» RECORDED DATA:
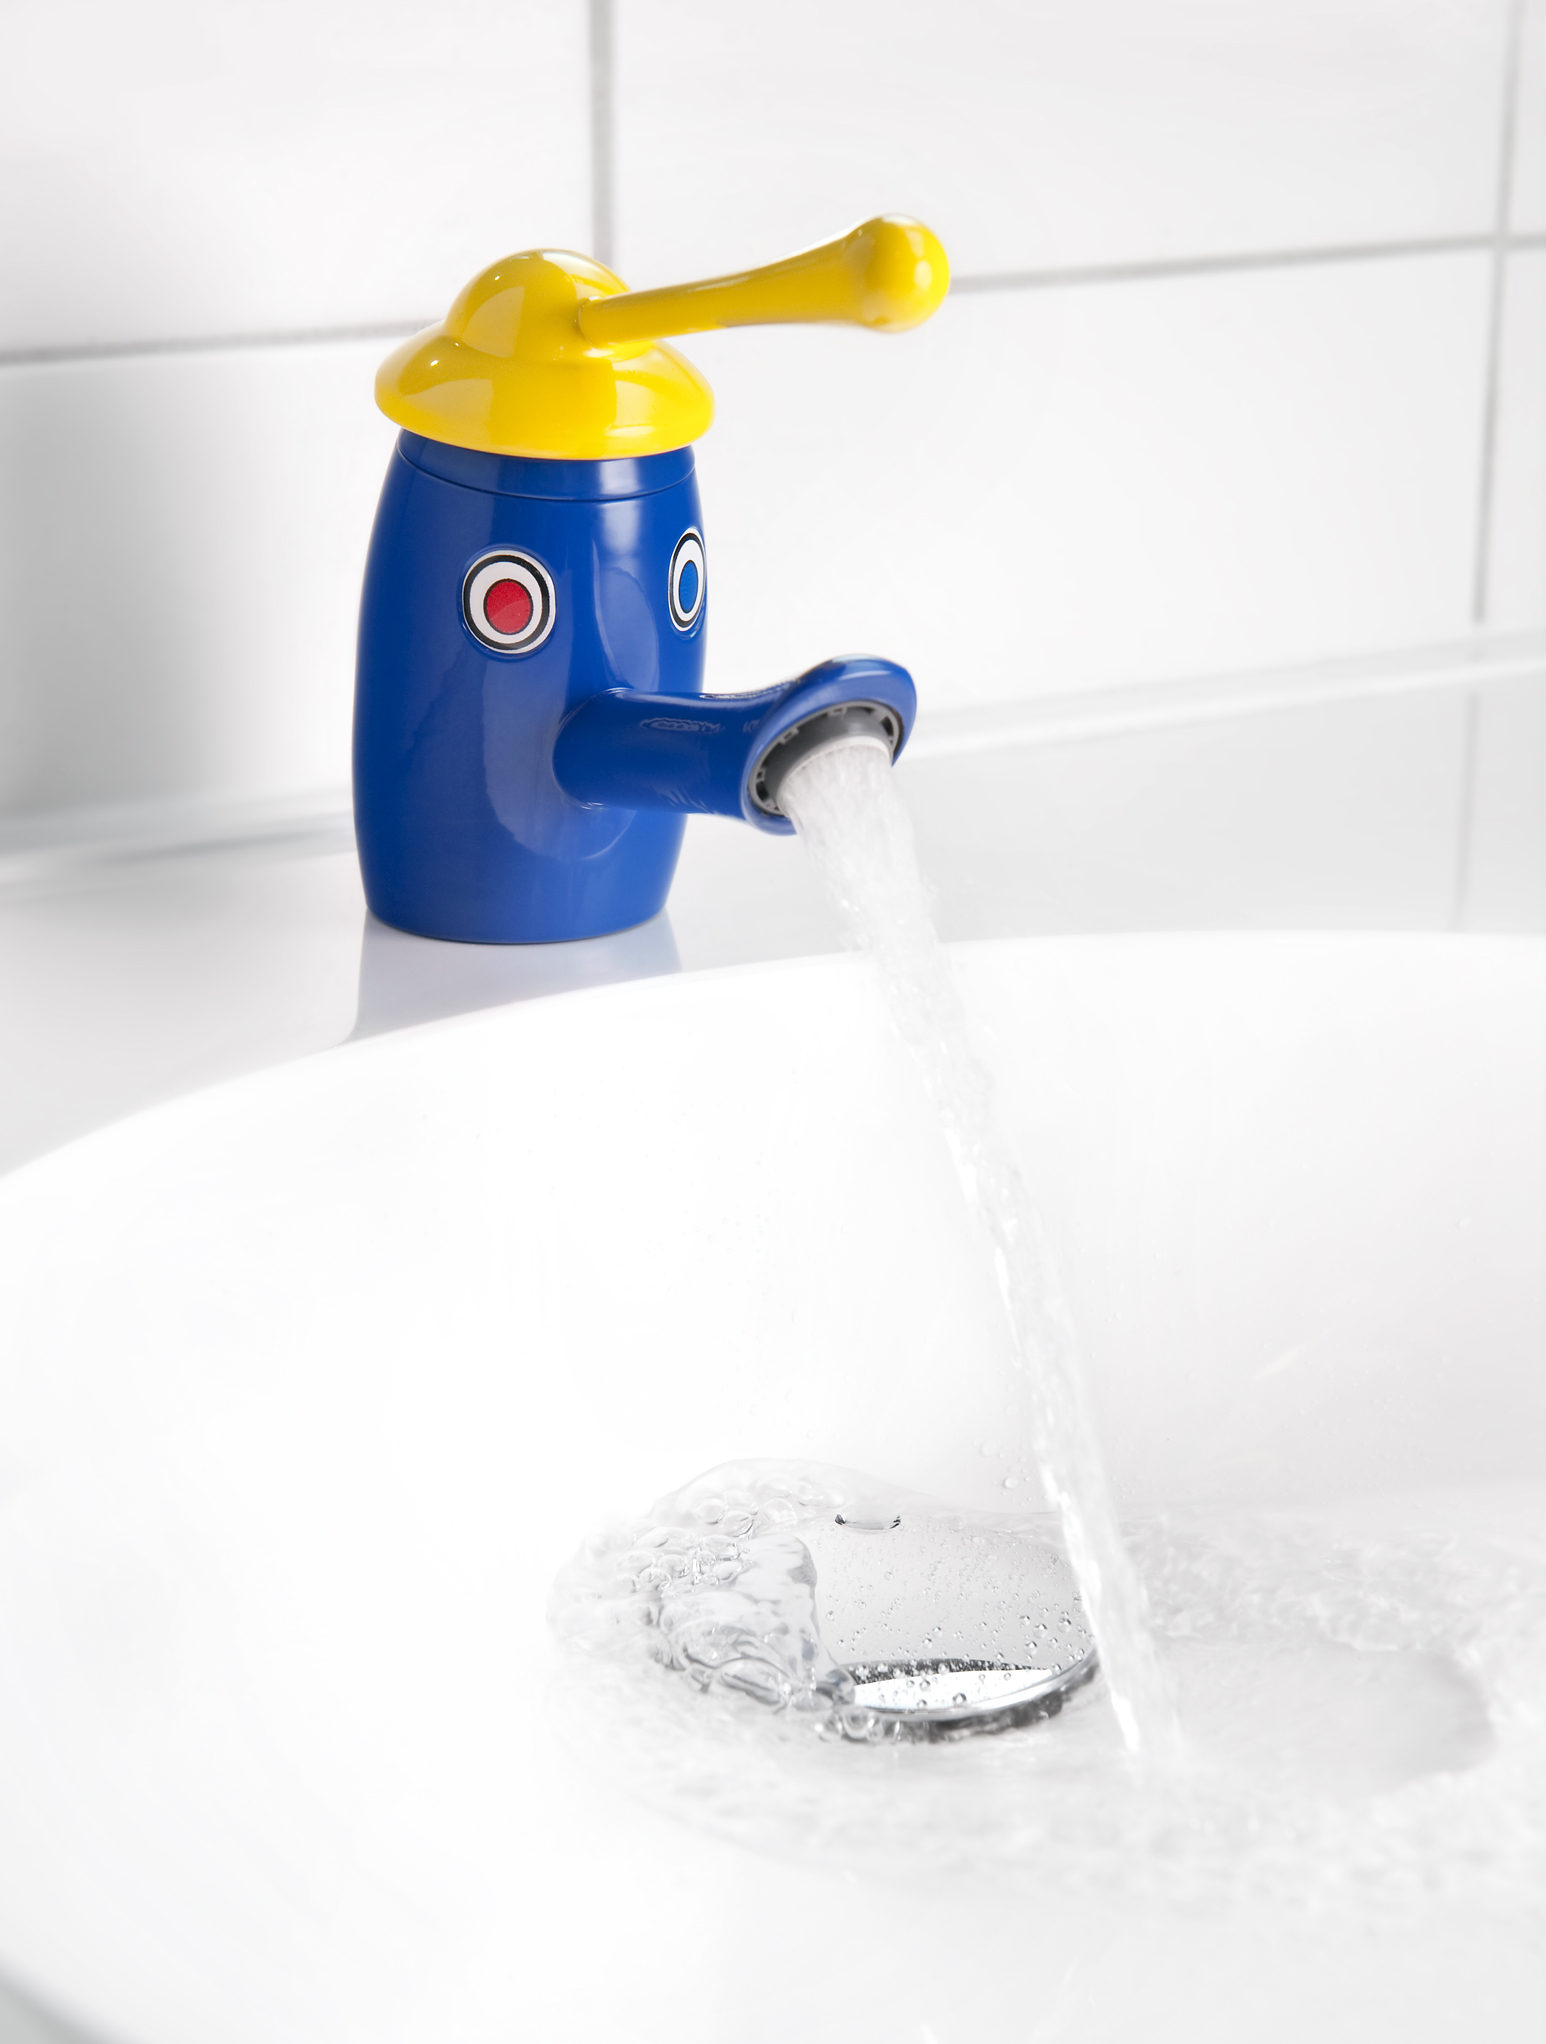 WASHINO und AQUAPINO spielen mit Franke Aquarotter GmbH
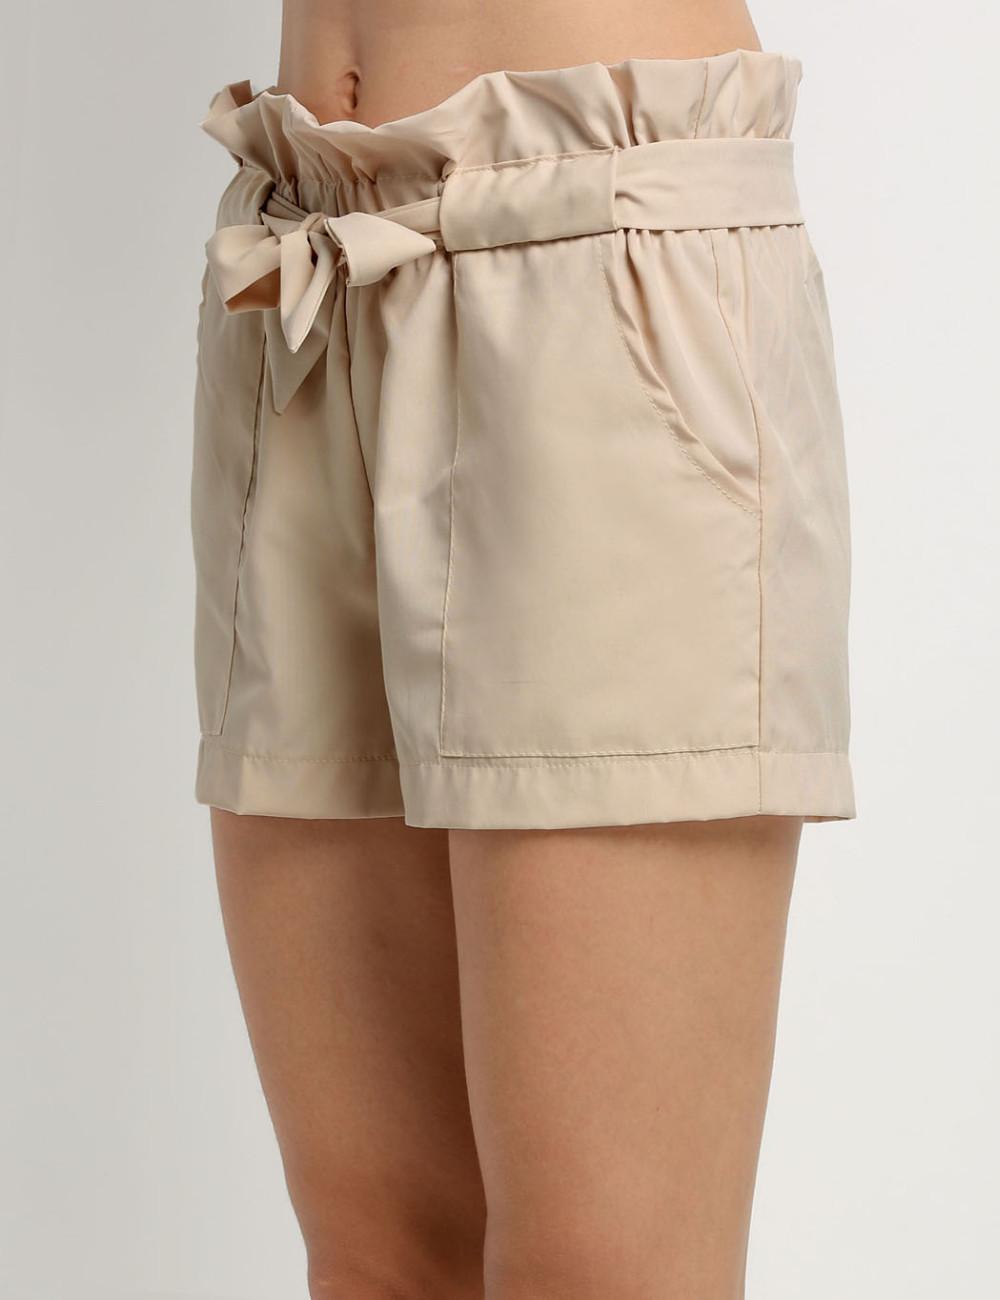 HTB1r 7hNFXXXXc.apXXq6xXFXXXj - High Waist Shorts Loose Shorts With Belt Woman PTC 59
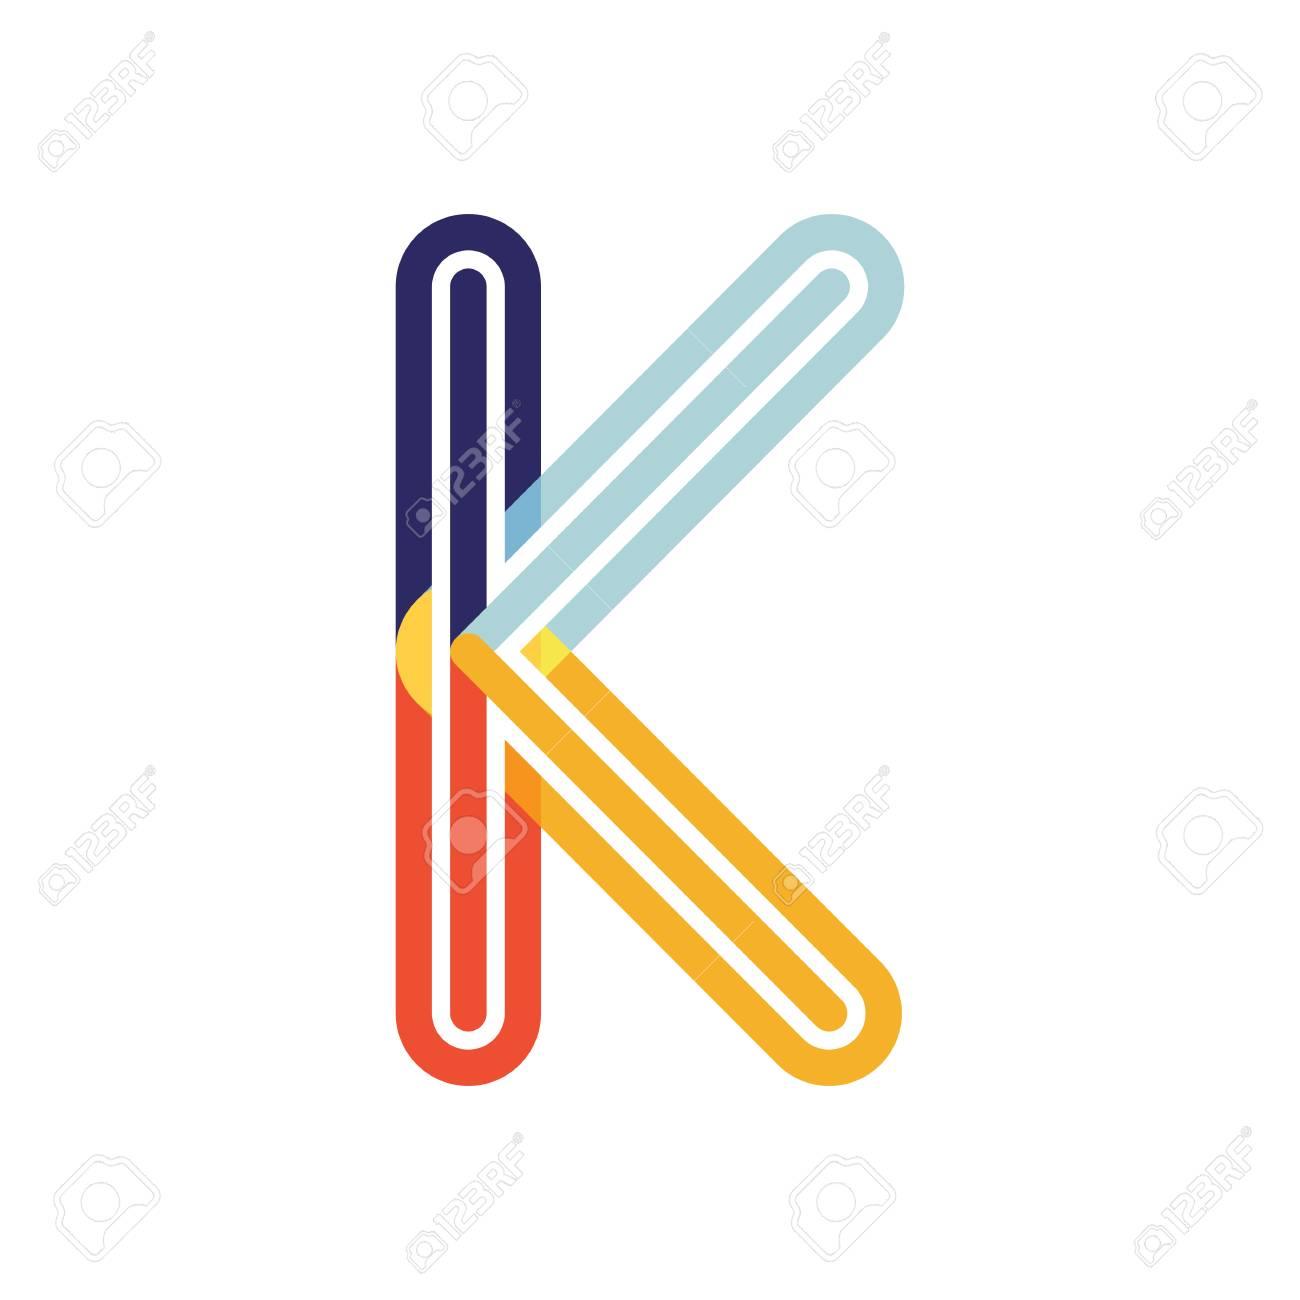 letter k colorful poly overlay logo design template element vector illustration stock vector

» ABOUT THIS TASK: Copy exactly the lines from the line that holds "HTB1r 7hNFXXXXc.apXXq6xXFXXXj - High" to the end of the listing, both included. Leave the pictures out.

» OUTPUT OF THE TASK:
 HTB1r 7hNFXXXXc.apXXq6xXFXXXj - High Waist Shorts Loose Shorts With Belt Woman PTC 59
 letter k colorful poly overlay logo design template element vector illustration stock vector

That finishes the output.